Morte e vida, início e fim,
tudo em mim às vezes se confunde
e me acalma uma espécie de tristeza
que se ampara no que lá fora sinaliza
mundo e Deus entrelaçados,
mistério inexplicável de tão simples,
jugo leve de quem espera
na fé do que não sabe,
mas pressente
nos azuis do céu
e na alma matizada.

Do que Deus concede aos amantes

Dia claro e a Lua ainda alta,
como se a manhã, usurpada, agora fosse sua –
calma soberana muito branca e luminosa.

E o Sol, contente em adiar-se,
espalha uma luz ainda mais rubra sobre o mundo
como se consentisse com tamanha petulância.

Sabem os dois que à Lua pertence
o veludo salpicado de brilhantes onde repousa.
E o Sol faz labutar toda a Terra sob o ritmo árduo do Céu
que reflete o Mar, servo da Lua e seus humores.

Mas hoje, só por hoje, concedem-se esse longo instante
A que, por direito, têm todos os amantes
De esquecer-se
Sendo um só
E cada um
o outro.

Meus vizinhos de janela

Cultivo meus vizinhos de janela como se fossem plantas minhas. Eu os cultivo, mas sigo a regra simples da boa rega: não os encharco de olhares invasivos. Apenas cuido deles com o mesmo olhar úmido de afeto que dedico às minhas plantas.

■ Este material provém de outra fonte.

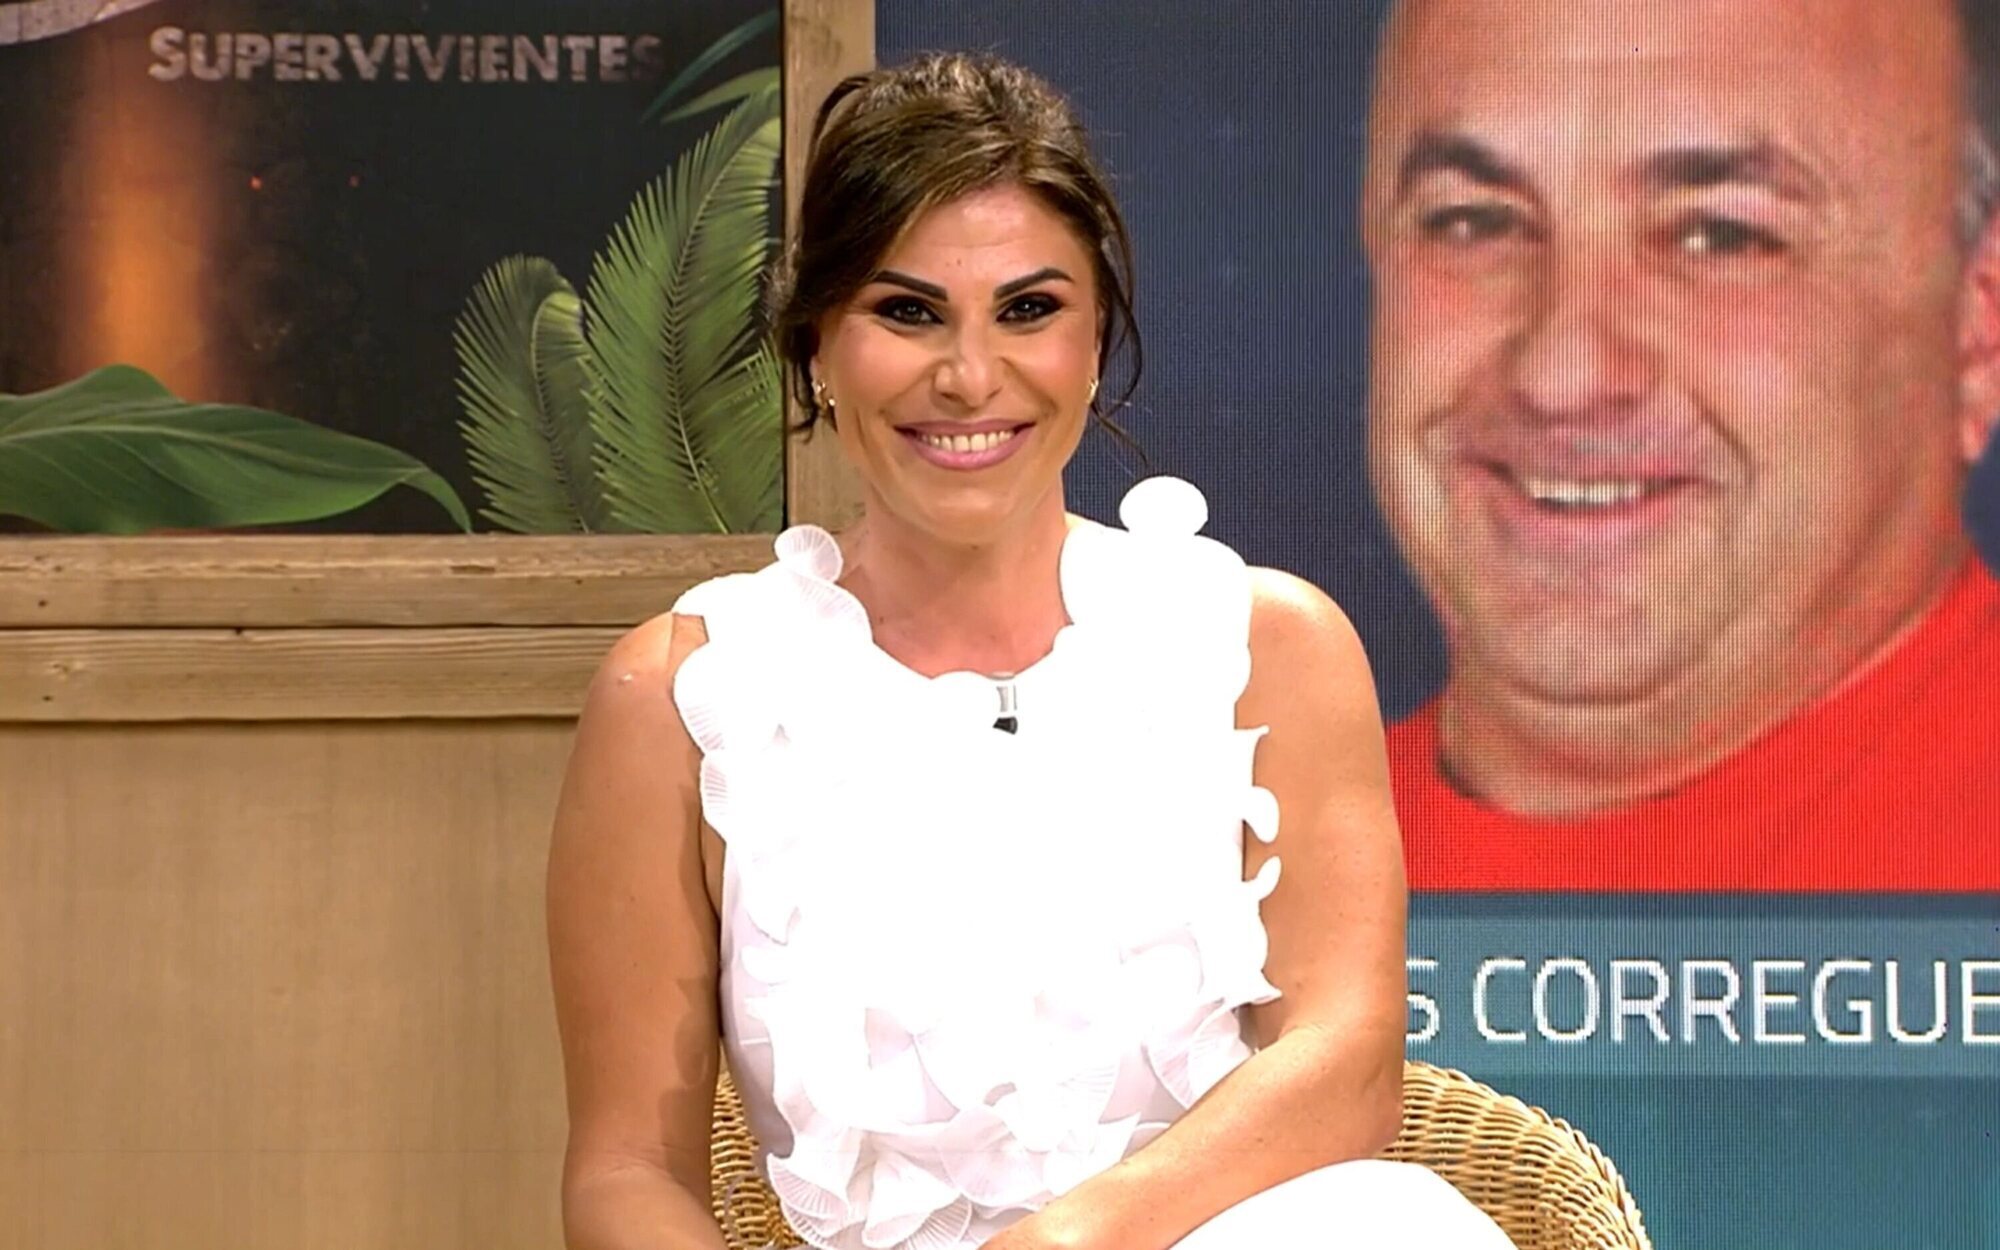 La hija de Ginés Corregüela se enfrenta en directo en 'Deluxe' a Yaiza Martín, novia de su padre: "Ridícula"

Não são muitos esses vizinhos porque a maioria se oculta por trás de grossas cortinas. Não os condeno: são plantas de sombra. Mas, como eu, há os que precisam de luz, de ar, de ver passar o tempo em brancas nuvens na brisa sempre incerta. Eu os admiro porque não temem o olhar dos outros – não se exibem, sedutores; apenas estão lá, concentrados em ser e crescer, dados e alheios, isentos de malícia.

Cultivo meus vizinhos pela mesma razão por que cultivo plantas: gosto de ver o curso da vida em sua discreta e obstinada singeleza. Preciso disso, sinto falta disso.

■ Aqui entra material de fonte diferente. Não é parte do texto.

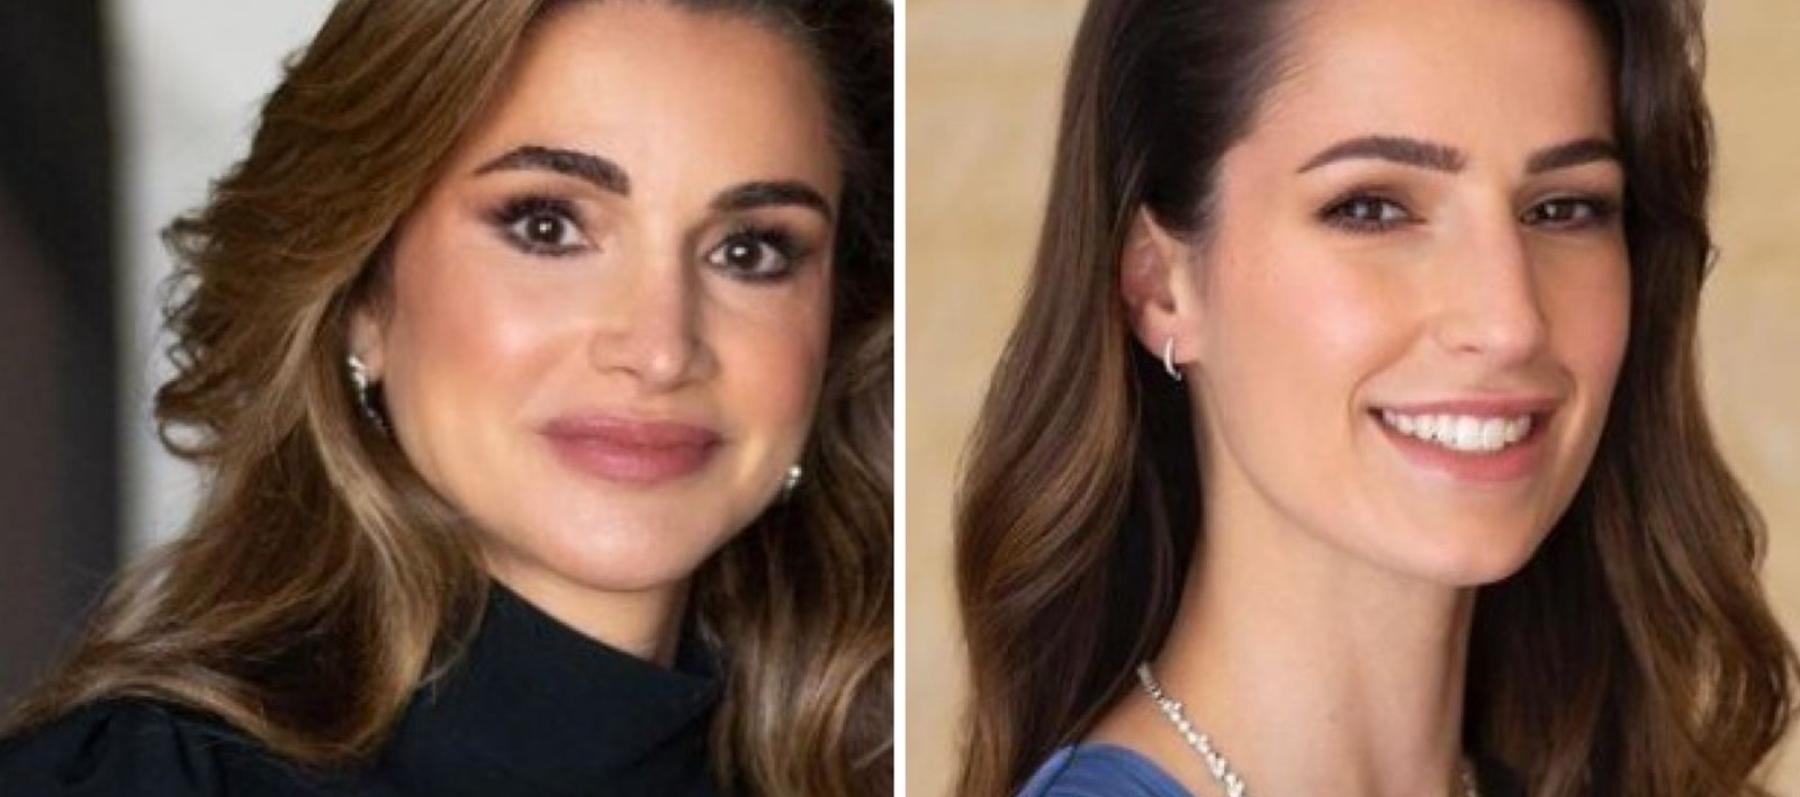 الملكة رانيا و الآنسة رجوة خطيبة ولي عهد الأردن - صورة معدلة من السوشيال ميديا

Para alguns até invento nome. Há dois irmãos, uma moça e um rapaz, ele o mais novo. Cada um tem seu quarto e passam os dois boa parte do tempo acredito que estudando, lendo e pesquisando na internet. A ela chamo de Rosa porque parece uma pessoa muito determinada, capaz de ficar horas no computador quase sem se mover. O rapaz, ao contrário, passa mais tempo na cama lendo, mas se mexe muito. Por isso o chamo de Gerúndio, que parece nome de flor e é o tempo verbal do que não pára quieto.

Há uma senhorinha que mora sozinha no último andar, num quarto e sala com varanda onde ela cultiva umas poucas plantas, mas entre elas… um girassol! Ele é alta, negra, seca, já um tanto curvada pelo tempo. Todo dia, no cair da noite, ela vai para a varanda e reza. Eu a chamo de Dona Flor de Pedra, tão antiga ela é, tão primordial e arcaica, tão forte e frágil como a própria vida.

Há um senhor que é passarinheiro e todos os dias, bem cedo, põe as gaiolas dos seus passarinhos na janela pra tomar sol. Moram com ele a filha e dois netos, além de uma empregada. Não lhes dei nomes porque pouco os vejo, mas às vezes à noite me calha de chegar na janela e vê-los à mesa jantando. Há nisso para mim uma graça comovente quase pré-histórica.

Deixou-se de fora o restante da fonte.